Title: Analyzing Car Performance Data with Statistical Methods
In this blog entry, we get into the world of automotive engineering using the “cars” dataset available in R. Cars are integral parts of our daily lives, and understanding their performance characteristics is essential for both consumers and manufacturers. The dataset contains various attributes of cars such as miles per gallon (mpg), cylinders, displacement, horsepower, weight, acceleration, model year, and origin. Through statistical methods, we aim to uncover insights into the factors that influence car performance and explore the relationships between different attributes.
#Loading library
library(ggplot2)
#Loading cars dataset
data(cars)
#Exploring the structure of the dataset
str(cars)## 'data.frame': 50 obs. of 2 variables:
## $ speed: num 4 4 7 7 8 9 10 10 10 11 ...

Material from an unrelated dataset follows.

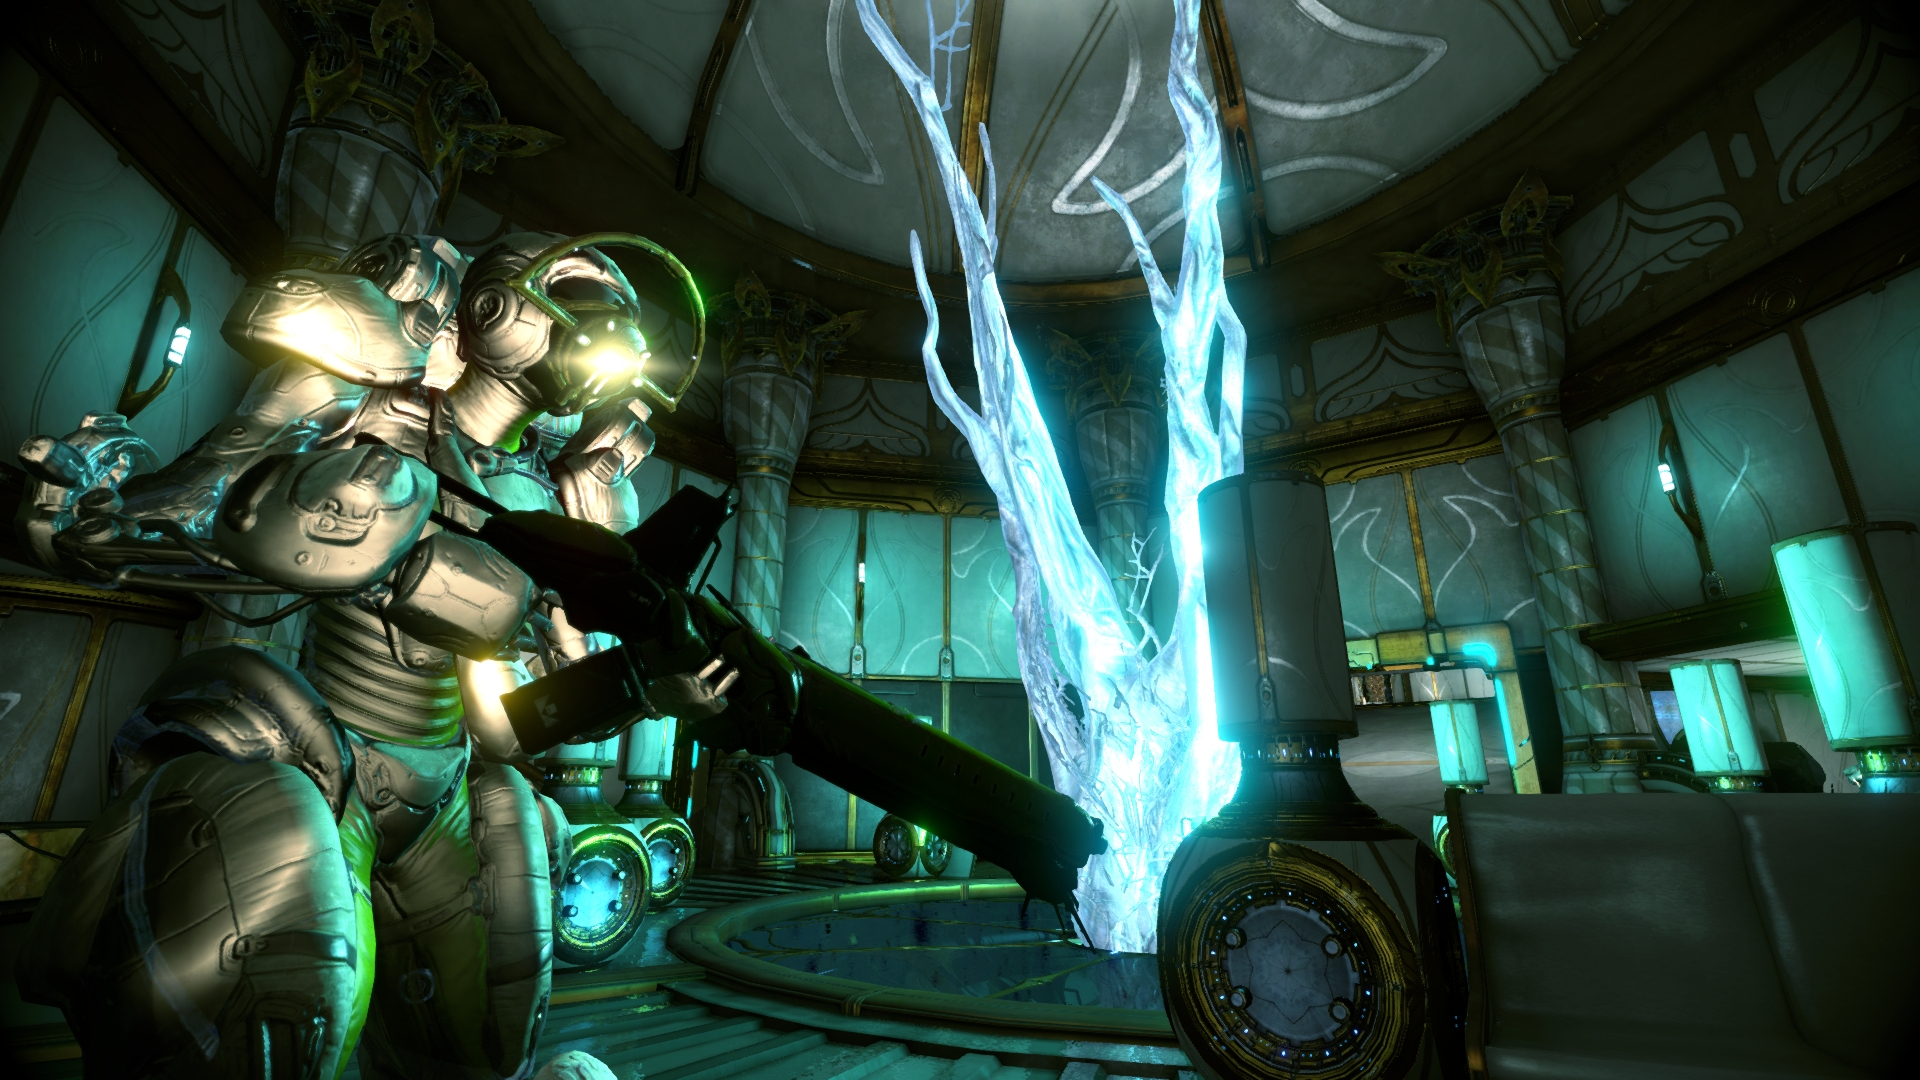 Free shooting games: Warframe. A screenshot shows an alien armed with a gun walks through a building
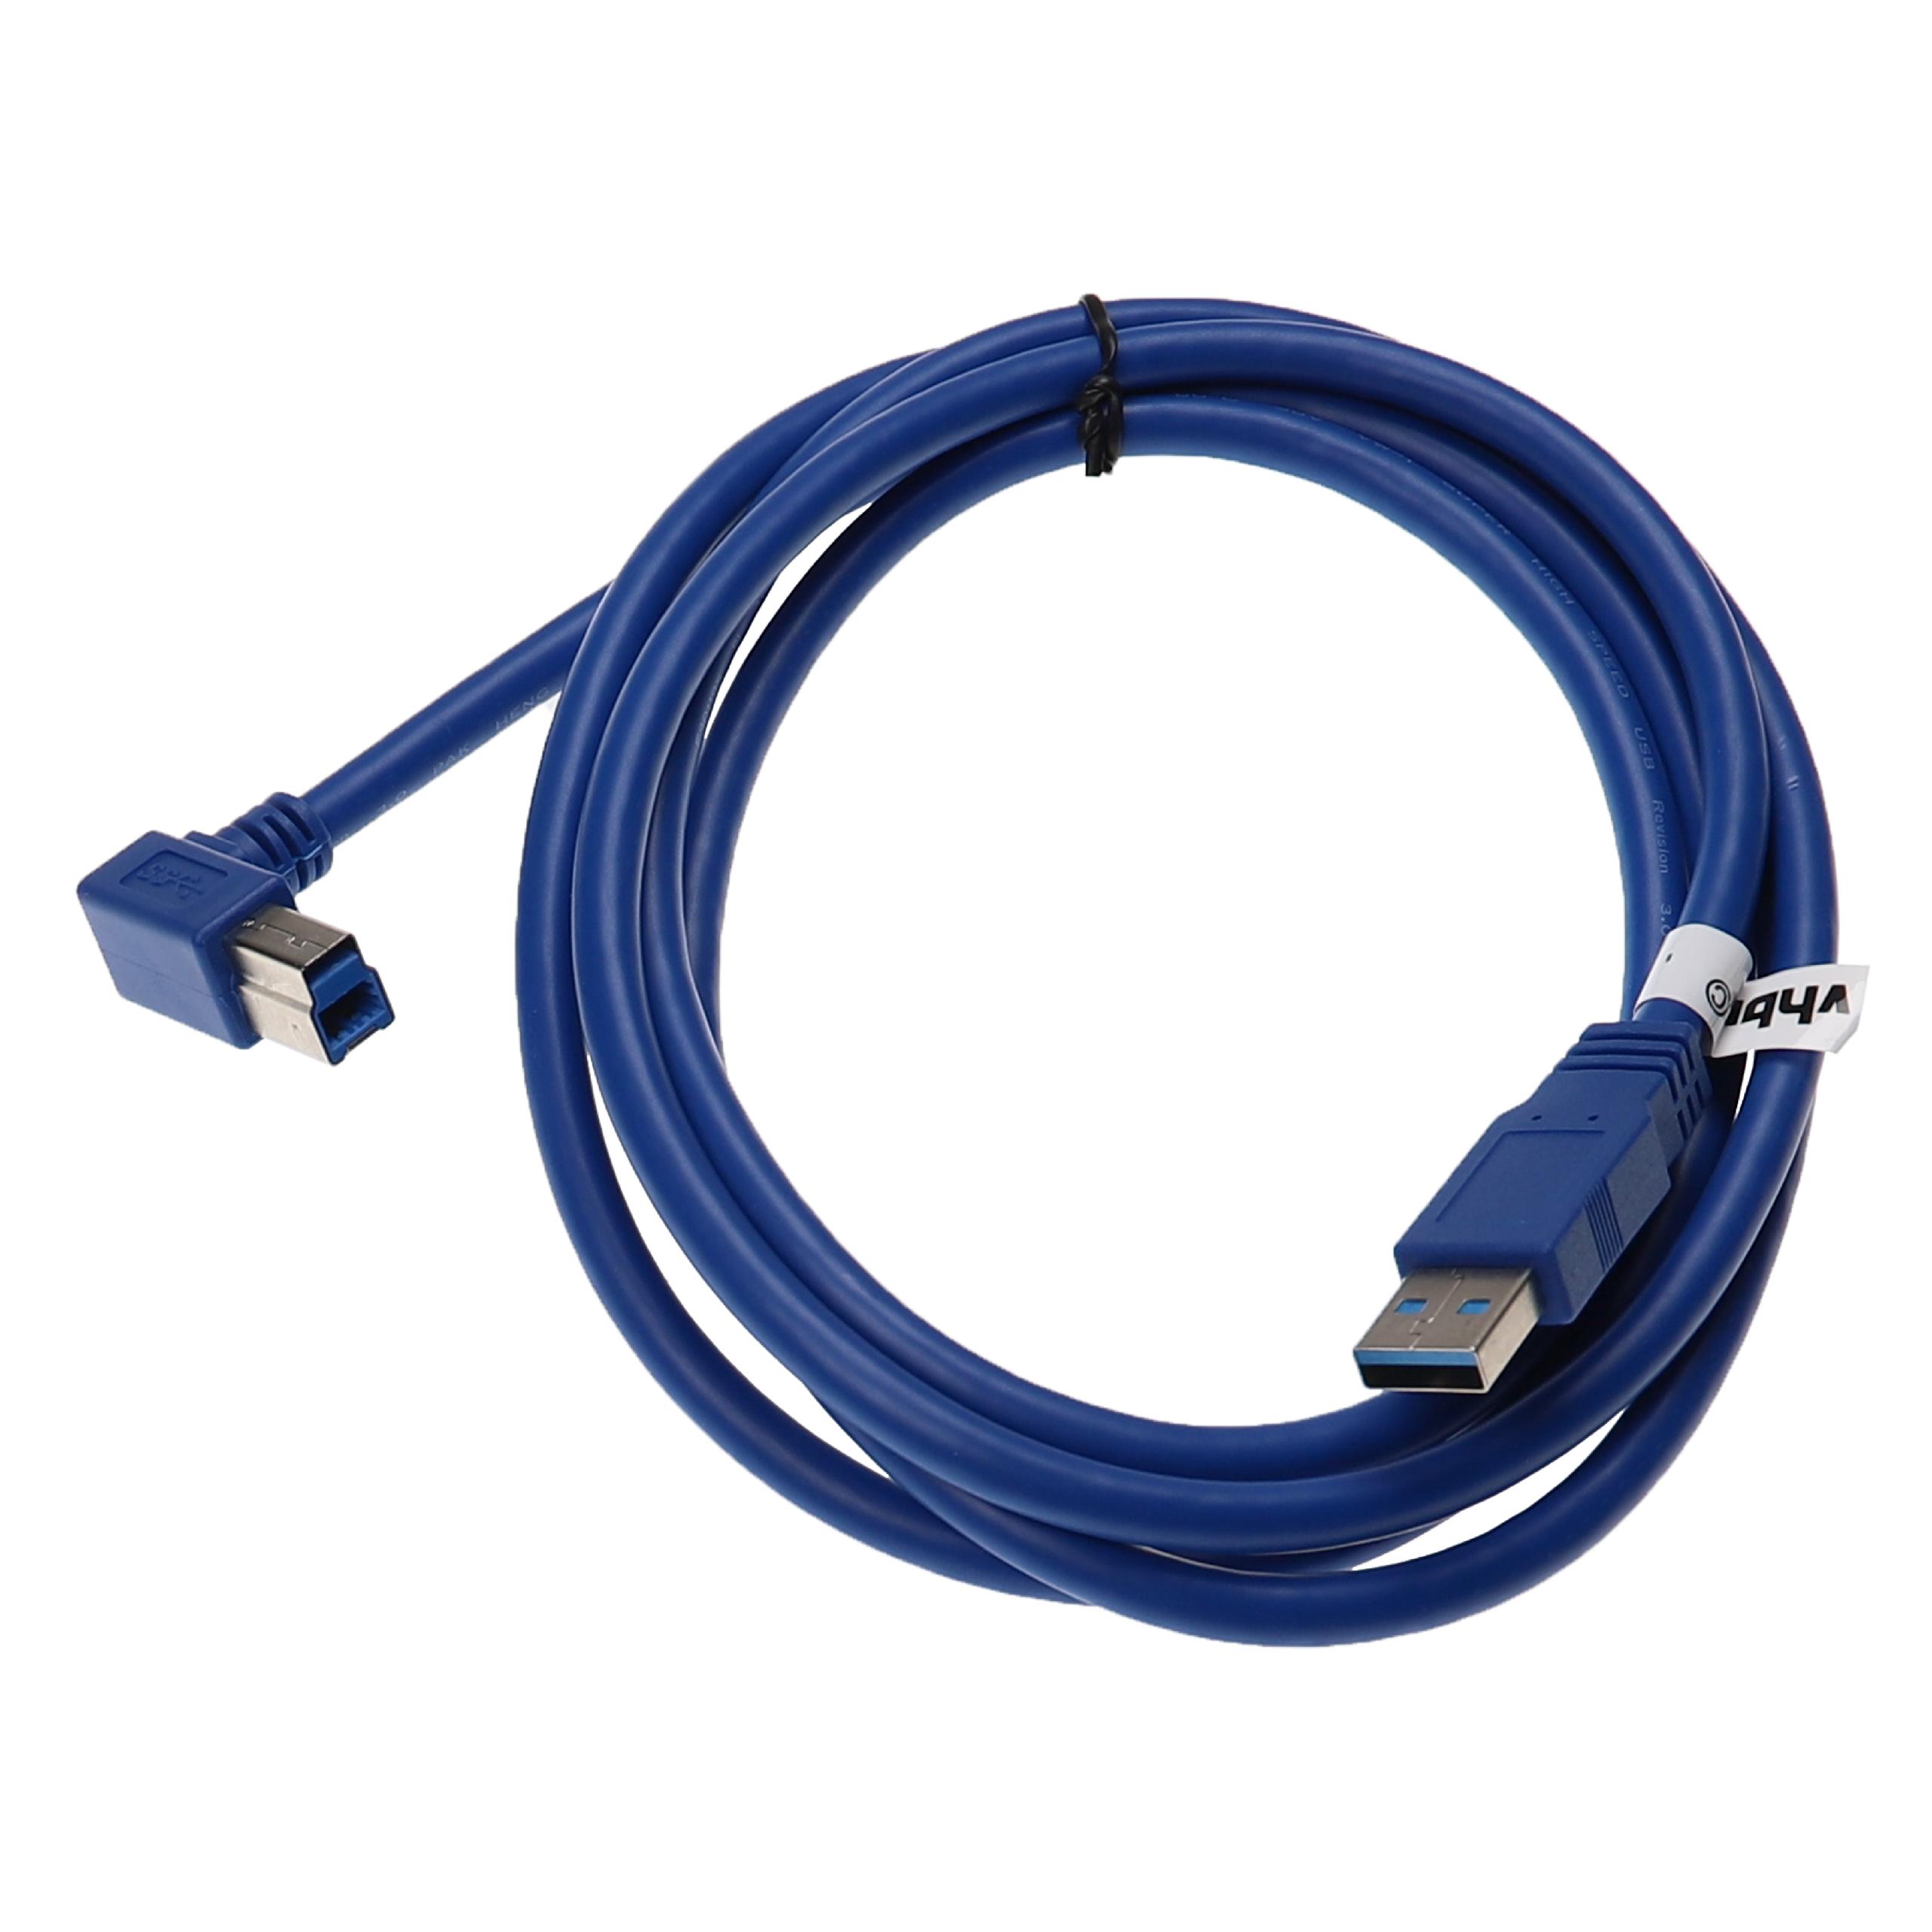 USB 3.0 Kabel Typ A auf Typ B - USB Datenkabel 1,8 m Blau

## $ dist : num 2 10 4 22 16 10 18 26 34 17 ...
## speed dist
## Min. : 4.0 Min. : 2.00
## 1st Qu.:12.0 1st Qu.: 26.00
## Median :15.0 Median : 36.00
## Mean :15.4 Mean : 42.98
## 3rd Qu.:19.0 3rd Qu.: 56.00
## Max. :25.0 Max. :120.00
#Histogram of speed
ggplot(cars, aes(x = speed)) +
geom_histogram(binwidth = 2, fill = "skyblue", color = "black") +
labs(title = "Distribution of Speed",
x = "Speed",
y = "Frequency")#Scatter plot of speed vs. distance
ggplot(cars, aes(x = speed, y = dist)) +
geom_point(color = "darkblue") +
geom_smooth(method = "lm", se = FALSE, color = "red") +
labs(title = "Scatter Plot of Speed vs. Distance",
x = "Speed",
y = "Distance")## `geom_smooth()` using formula = 'y ~ x'
#Correlation between speed and distance
correlation <- cor(cars$speed, cars$dist)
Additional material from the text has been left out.